One of those next big things has been groceries being ordered online. Now, this e-commerce option has been around for 6+ years, as the wave primarily started when Amazon acquired Whole Foods in 2017. This $13.7 billion purchase proved that while Amazon can provide convenience, brick-and-mortar stores are necessary to provide freshness. While this was the real beginning of online grocery shopping, the pandemic was what heightened its popularity. Because of the safety restrictions, people had to consider staying out of the stores, and opting for the contactless pickup or delivery of groceries was the best option for some people. Stores like Kroger even began opening dispatch centers, stores that were only used for online orders, as the demand was so high in certain areas.

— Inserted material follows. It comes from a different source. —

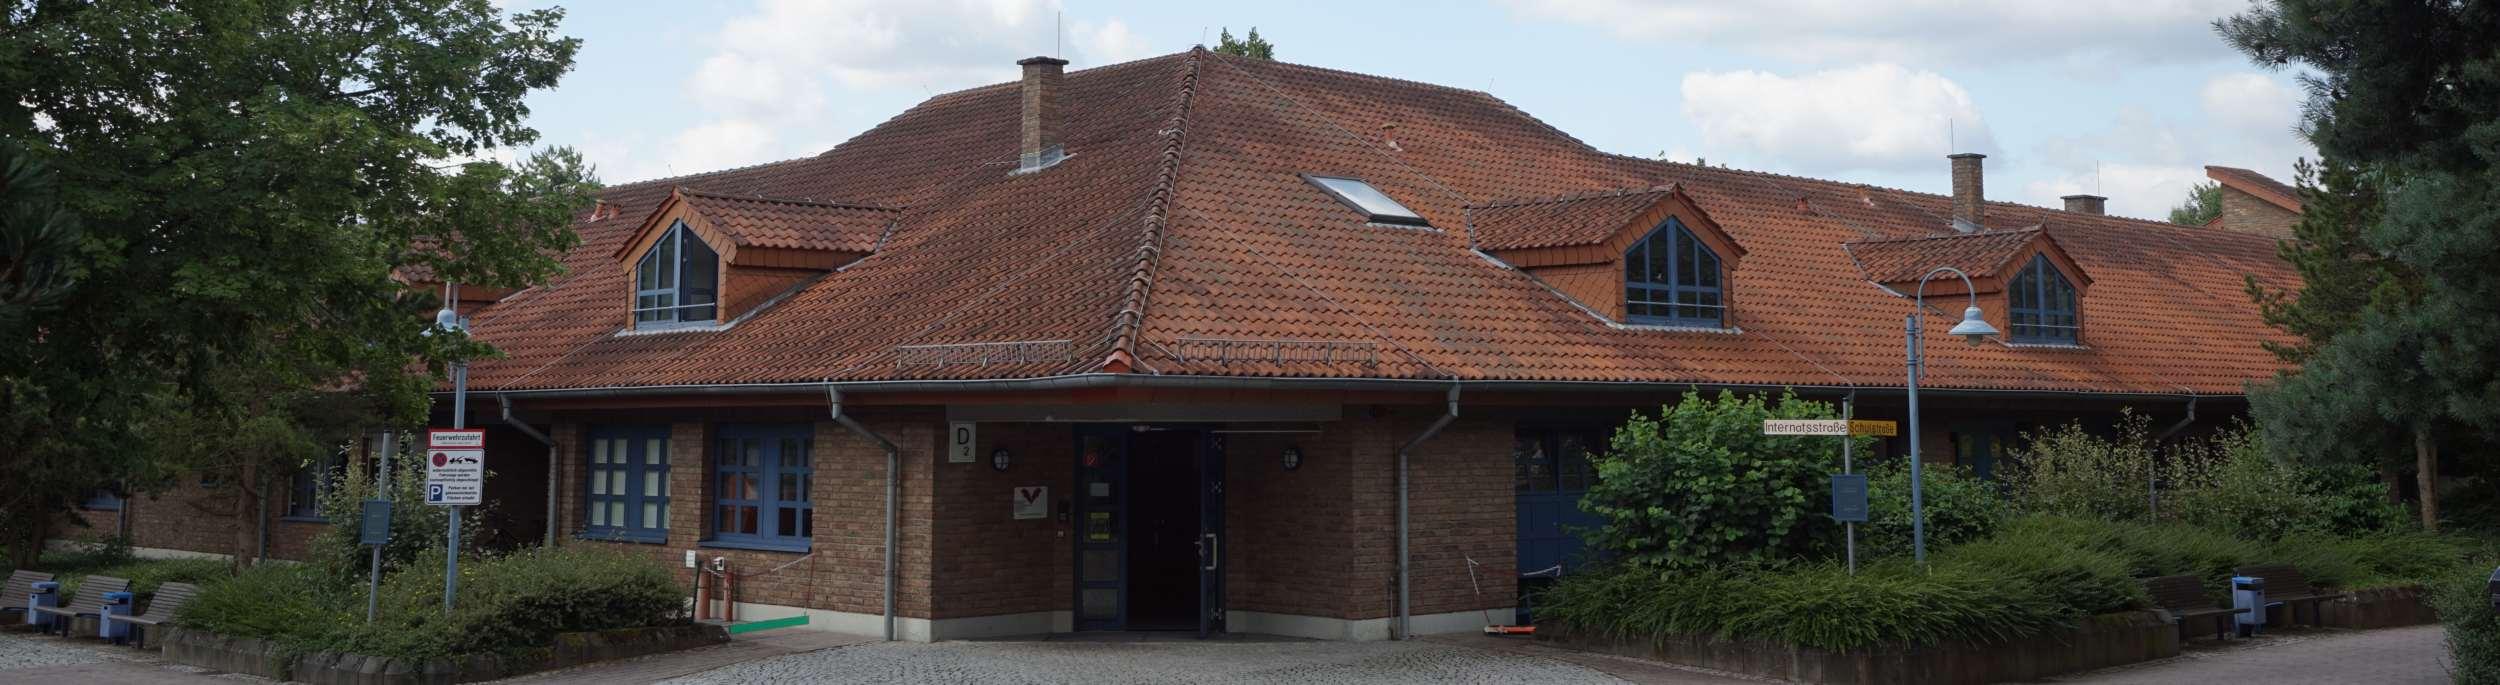 start_pausenhof_schule

Now, with the world finding its way back to normal, the grocery industry is once again having to adapt and change to what the people want. These wants vary by person, which is why we have seen a range of advancements being made in the last few years. One of the more obvious is the continuation and upgrade of online grocery shopping, as stores continue to find new and innovative ways to make it as convenient as possible. Omni-channel strategy is more important than ever and it is being used in a variety of ways to elevate the customer experience.  Artificial intelligence, robotics, and automation all contribute to the shopper’s experience – both online and in-store. 

Brick-and-mortar stores have also gotten creative in enhancing the in-store shopping experience for their customers and turning it into a true “experience.” You will now see some of these larger supercenters offering wine tastings, cooking classes, in-store dietitians, or even full-blown restaurants. This not only enhances the overall energy of the store but also provides new experiences for shoppers that give them a reason to stop in more often. It also keeps shoppers in the store longer to potentially make more purchases.

This list of small changes and evolution could go on forever. What is essential is the ability to embrace and encourage change. Our grocery stores wouldn’t look like they do today without this pressure to always improve and innovate. And these days, they cater to everyone. They have everything from e-commerce to unique brick-and-mortar experiences to an array of assortments to tame your taste buds.

Next time you walk into a grocery store or place your online order, think back to when they didn’t have one of your favorite products or features. That is when you can remind yourself that change is a good thing, especially in our grocery stores.